Il est nécessaire d'assurer une interprétation et une application uniforme, à l'échelle nationale sur les erreurs de classification d’employés. Dans ce but, les questions suivantes seront adressées :

  • que veut dire erreurs de classification d’employés ?
  • dans quelles situations une personne est-elle considérée comme étant mal classifiée ?
  • comment le Programme du travail aborde-t-il les erreurs de classification avec les employeurs ?
  • comment établir l’intention d’une erreur de classification quand il n’y a pas de preuve claire d’une intention ?

Interprétation

Une erreur de classification fait référence à une situation où l’employeur ne considère et ne traite pas la personne qui est un employé comme un employé.

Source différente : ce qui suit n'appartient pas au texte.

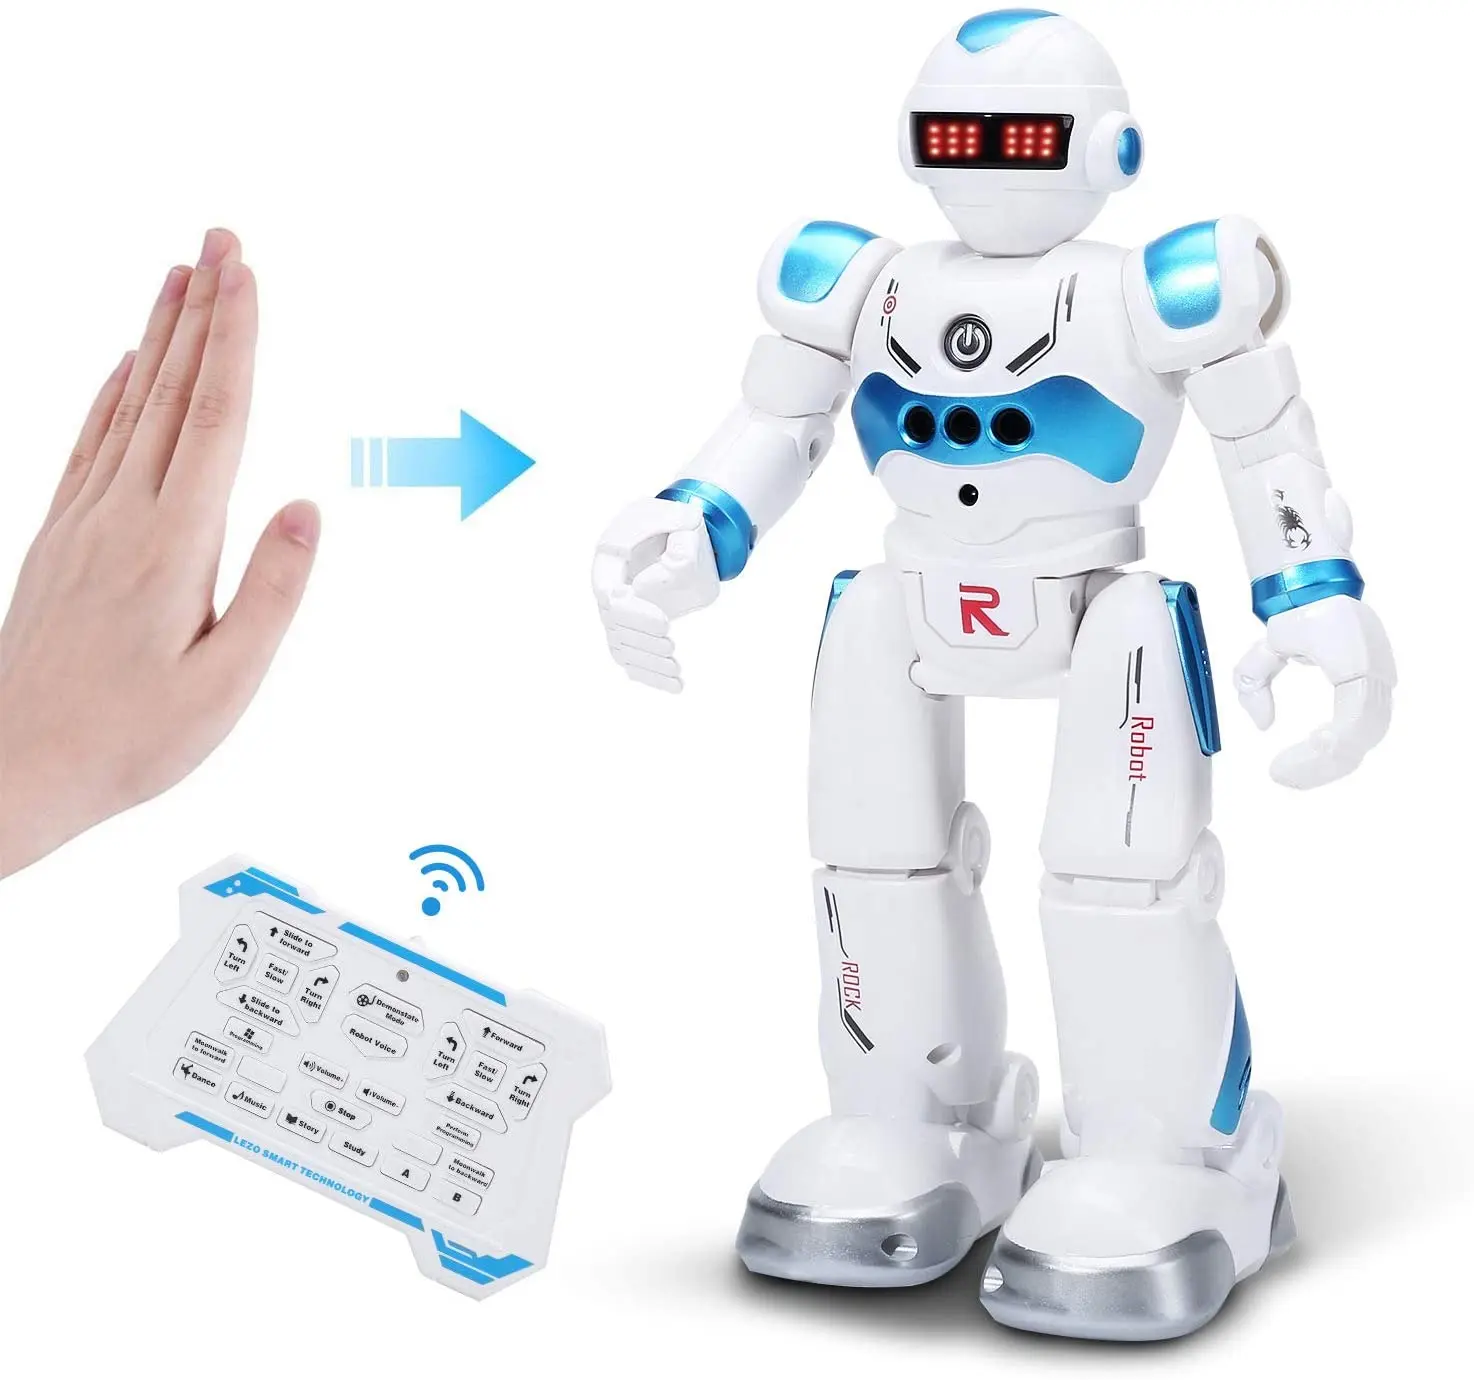 Suliper Intellectual Programmable Robot for Kids Remote Control Robot with Infrared Controller Early Education Robot Toys Can Dance Sing Walk Slide-Walk Robot Kits for Children Birthday Gifts 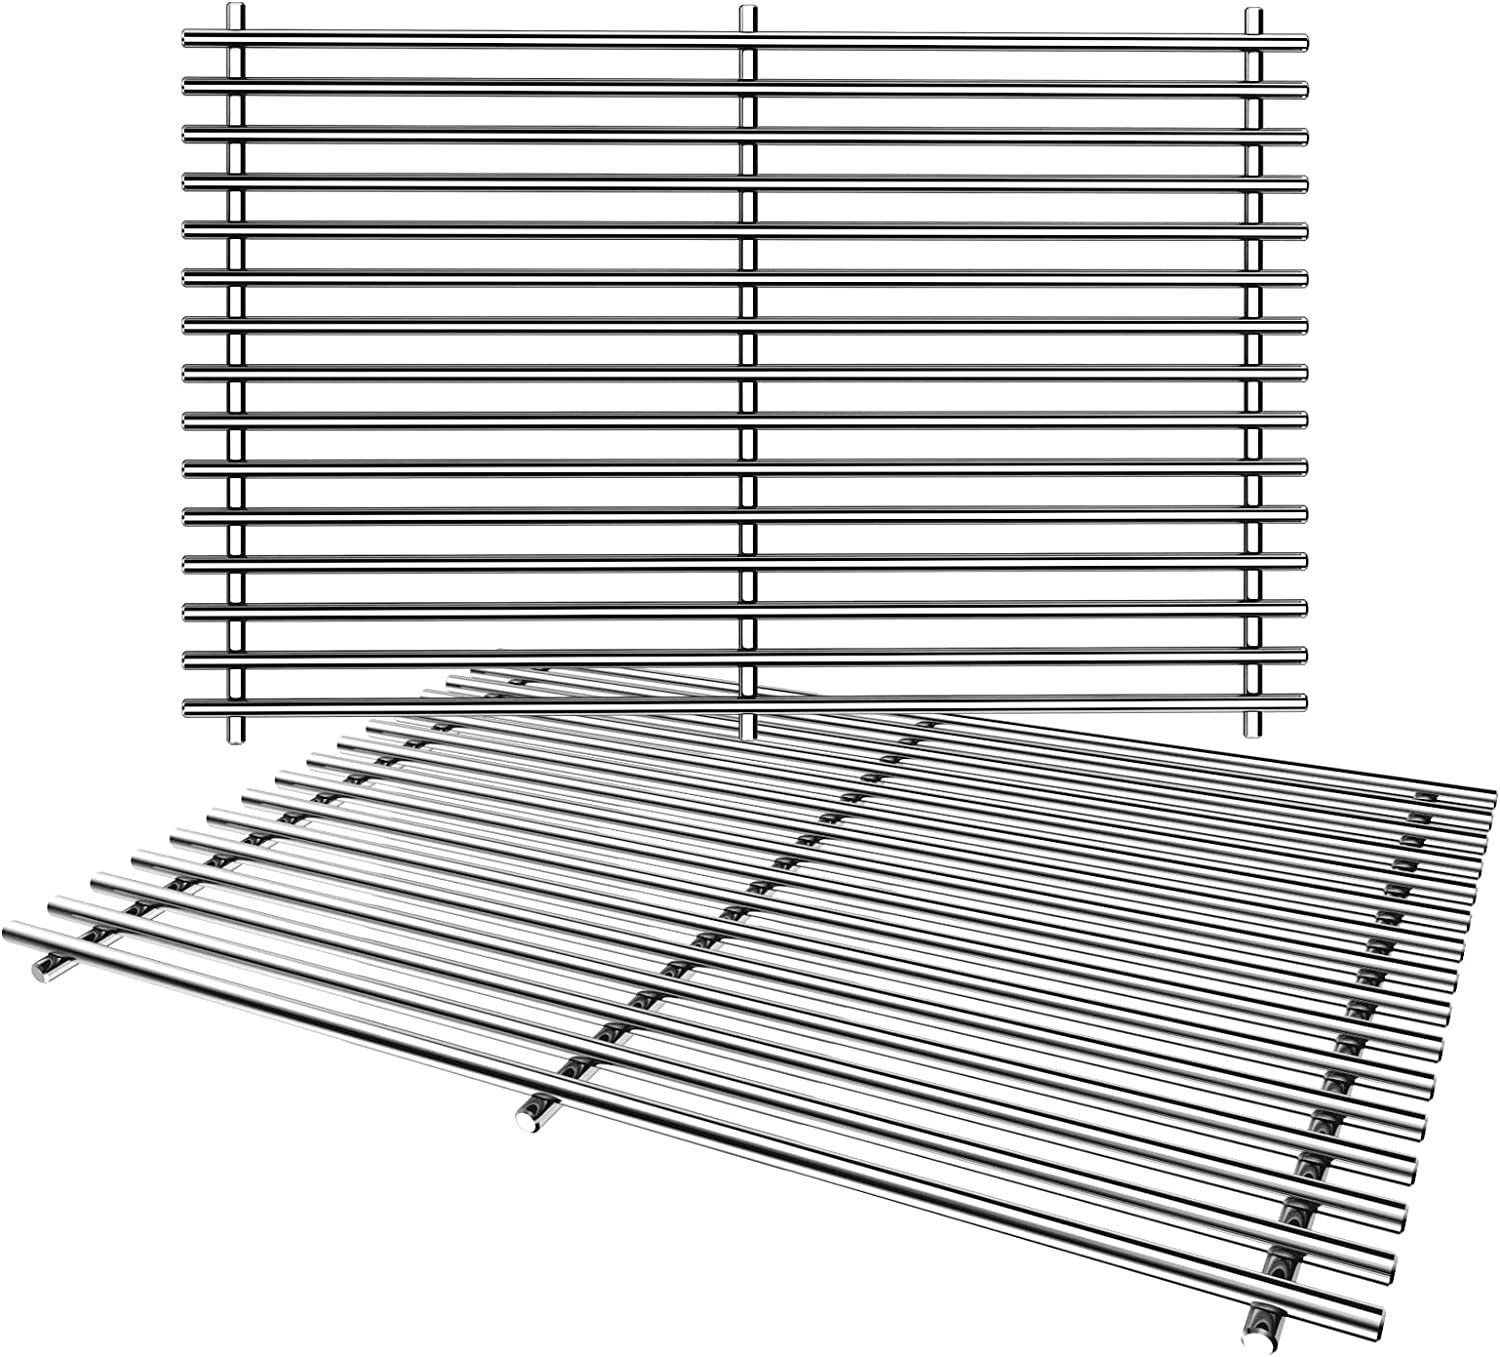 Grisun 7639 304 Stainless Steel Cooking Grates for Weber Spirit and Spirit II 300 Series Spirit E-310 E-330 E/S320 Genesis Silver/Gold B & C Genesis Platinum B & C Grill Replacement Part Grates 17.3" - image 1 of 13

Voici une liste non-exhaustive de situations où une personne peut être mal classifiée :

  • un employeur commet une erreur de classification d’un conducteur en tant qu’entrepreneur indépendant;
    • le conducteur reçoit sa rémunération par l’intermédiaire d’une entité incorporée et rencontre les critères pour être 1 employé (article 167(1)(b)). (faire référence à l’exemple 1 et exemple 2);
  • un employeur commet une erreur de classification d’un stagiaire en tant qu’étudiant stagiaire (article 167(1.2) du Code);
  • un employeur commet une erreur de classification d’un employé ayant des parts dans une entreprise, mais qui n’a aucun contrôle sur l’administration ou le fonctionnement global des opérations, comme associé;
    • un associé n’a pas droit aux protections offertes par le Code.

Tout employeur qui commet intentionnellement une erreur de classification d’un employé afin de se soustraire à ses obligations en vertu du Code contrevient à la disposition relative aux erreurs de classification d’employés. Les employeurs seront assujettis à des sanctions administratives pécuniaires, en vertu de la partie IV du Code, si :

  • le Programme du travail constate à plusieurs reprises qu'ils ne se conforment pas; et
  • ils ont un historique d’intentionnellement commettre des erreurs de classification des employés.

Établir l'intention

Dans les cas où il n'y a pas de preuve claire de l'intention de commettre une erreur de classification, les principes suivants s'appliquent :

Dès le premier cas d’erreur de classification, l'agent des affaires du travail fournira une session d’information à l'employeur. Cette session comprendra une discussion sur l'intention de l'employeur et des mesures correctives qui doivent être prises pour assurer la conformité au Code.

Si le même employeur continue de commettre des erreurs de classification après la session d’information, il sera réputé avoir atteint le seuil établi de l'intention. En effet, la plainte subséquente a été déposée après que l'employeur a été sensibilisé à la question d’erreurs de classification, ce qui indique que l'employeur a sciemment enfreint le Code.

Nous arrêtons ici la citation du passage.